Influence of the branching ratio.
The scaling exponent α as a function of the number of levels N̅b at which the branching ratio switches from n = 2 to the indicated value of 3 (black circles), 4 (red circles) or 5 (green circles). N̅b varied from 0 (a branching ratio of n = 2 at all levels) to the depth of the entire network (a branching ratio of n = 3, 4, or 5 at all levels). As in Figure 8, each exponent was calculated from networks that spanned eight orders of magnitude in blood volume. In these calculations, network levels with vessel radii ≤1 mm were built according to area-increasing branching, while vessels with radii larger than 1 mm followed area-preserving branching.
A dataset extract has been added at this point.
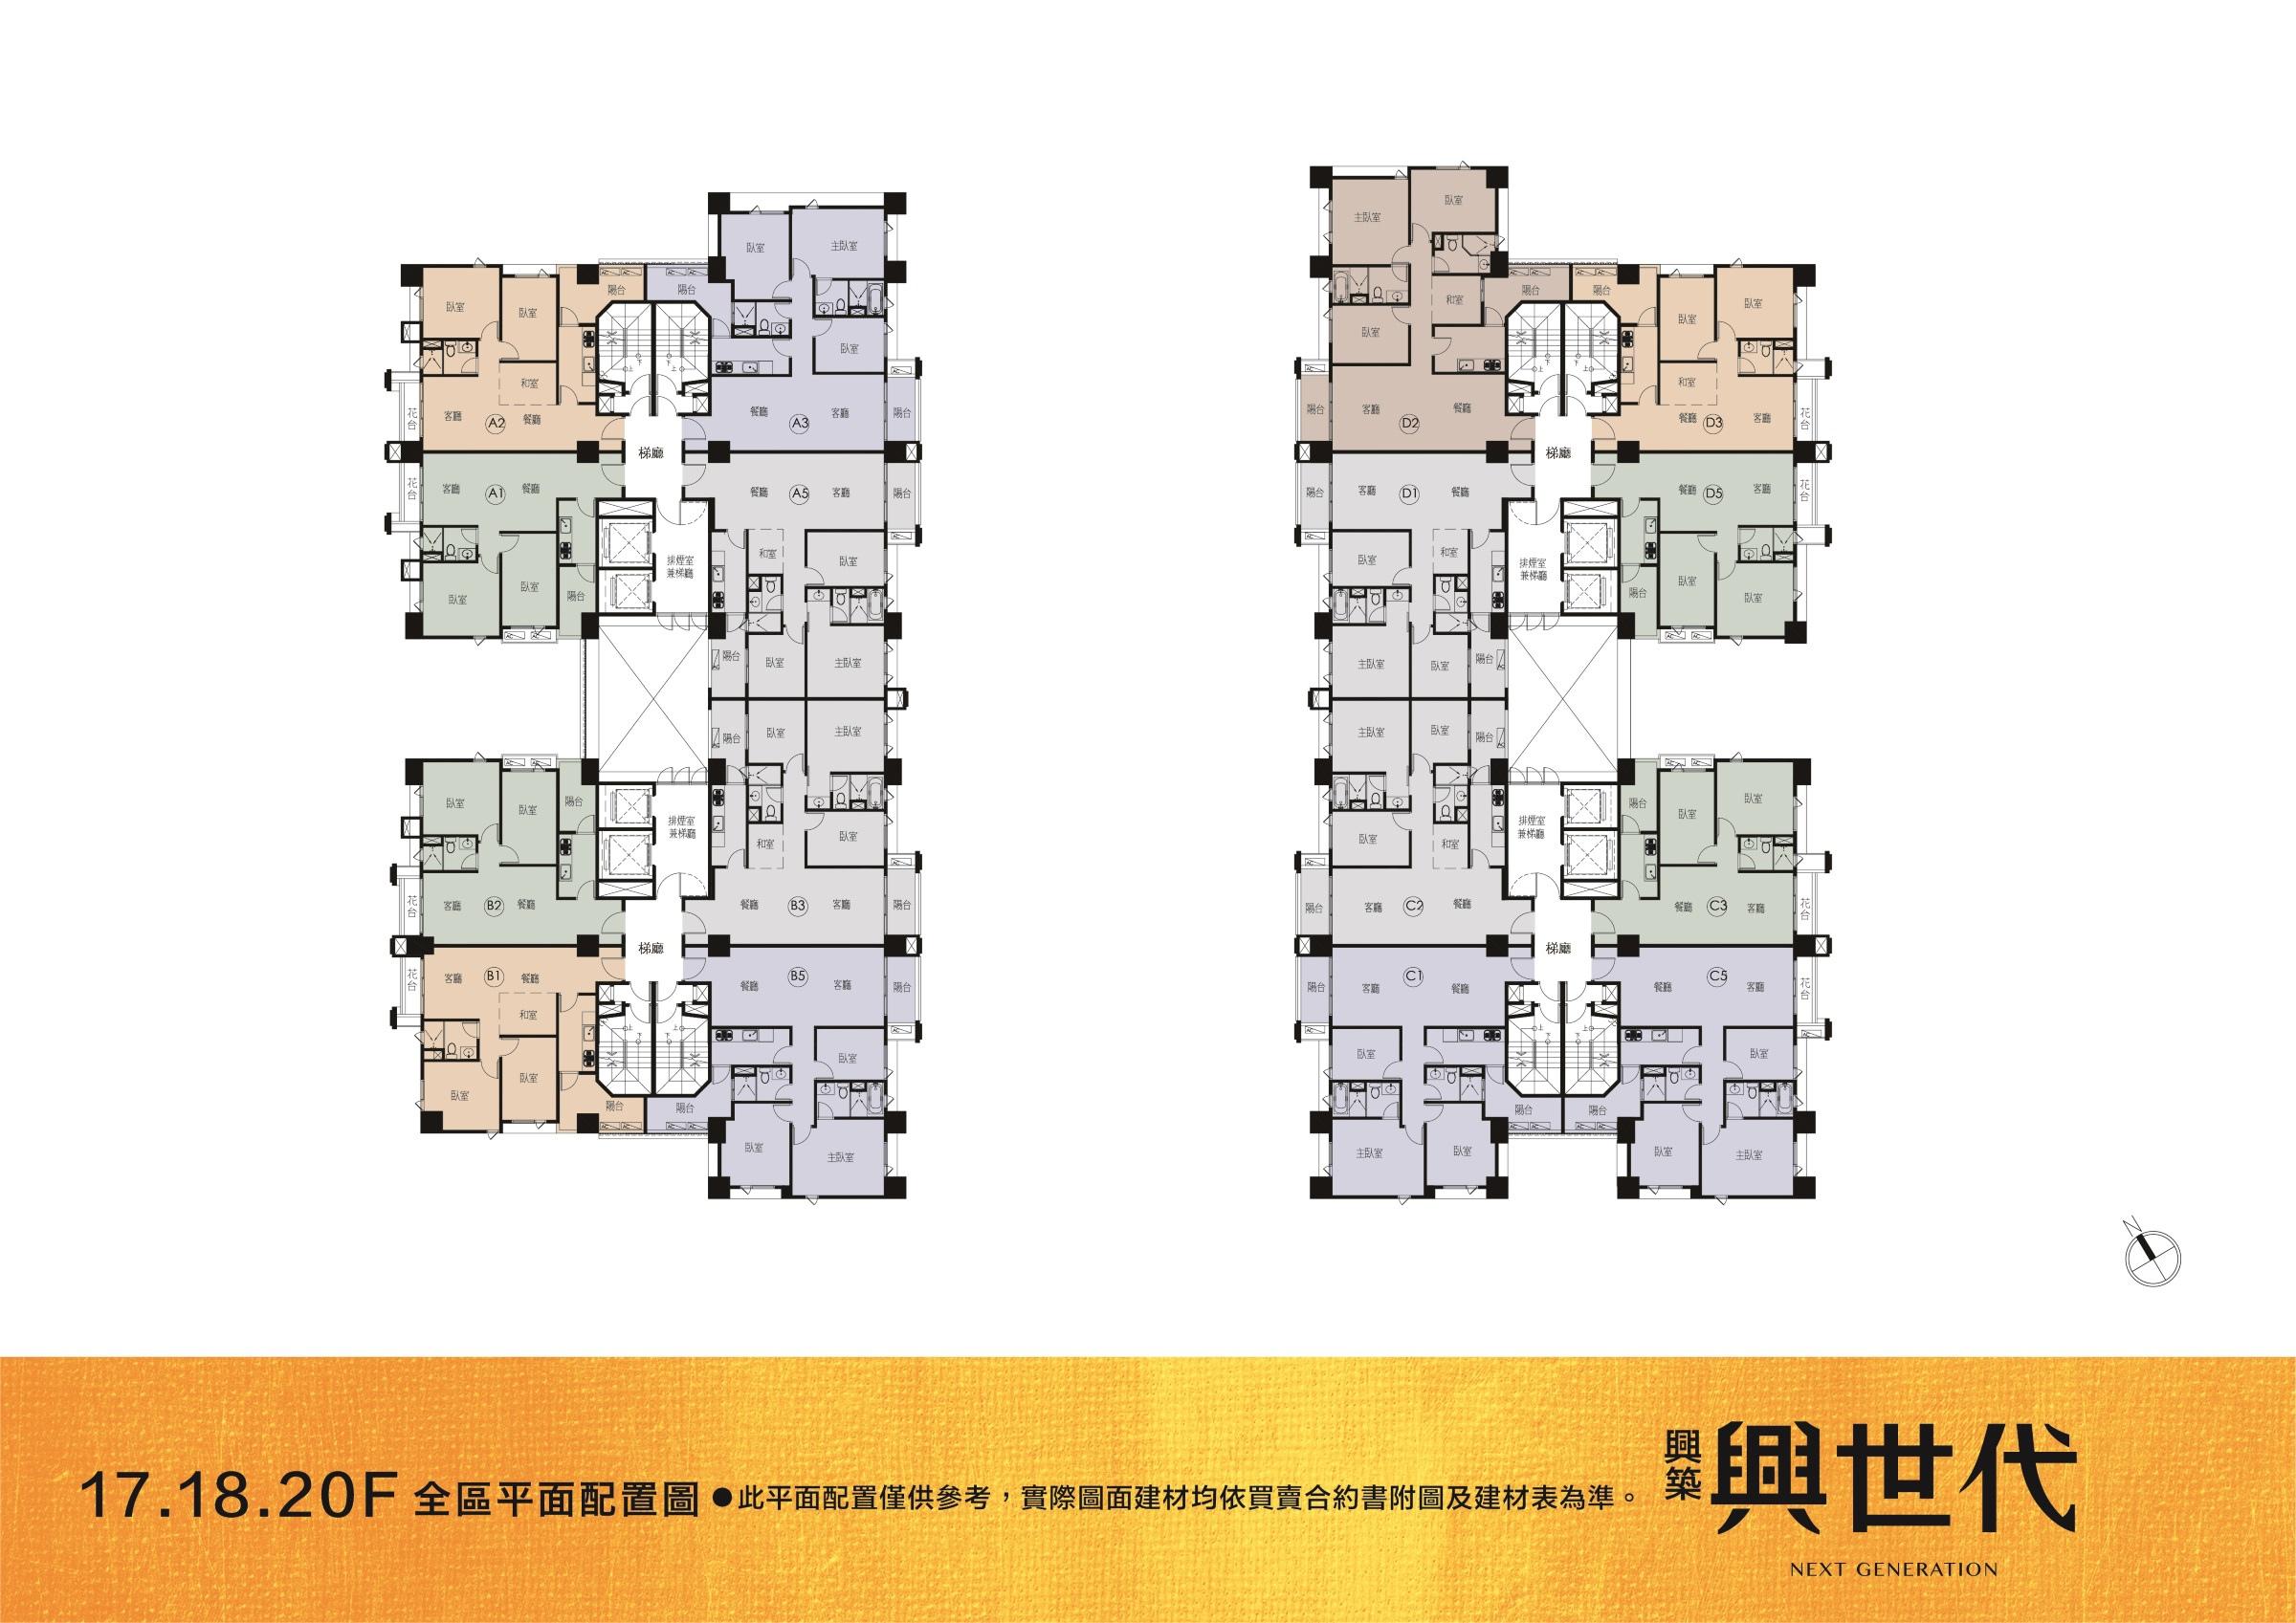 [新竹光埔] 興築建設-興世代(大樓)2015-03-11 027 17F,18F

These curves correspond to a cardiovascular system in which the branching ratio n is smaller near the heart and larger toward the capillaries. In all cases, a change in branching ratio within the network decreases the predicted scaling exponent, bringing it closer to the empirical value of 3/4 without ever touching it.
Figure 10.
Dependency of the scaling exponent on body mass range as determined by ordinary least squares regression on empirical data.
The data are binned in orders of magnitude for body mass as described in the text. (A) Cumulative binning starting with smallest mammals. (B) Cumulative binning starting from largest mammals. (C) Exponents from individual order-of-magnitude bins. The exponents computed from these aggregations of empirical data vary both above and below 3/4. Note, however, that in all cases the allometric exponents tend to increase with increasing body mass. The error bars represent the 95% confidence intervals. When data is scarce, the confidence intervals become so large that the exponents cannot be trusted. (The full range of some error bars is cut off by the scale of the plots.)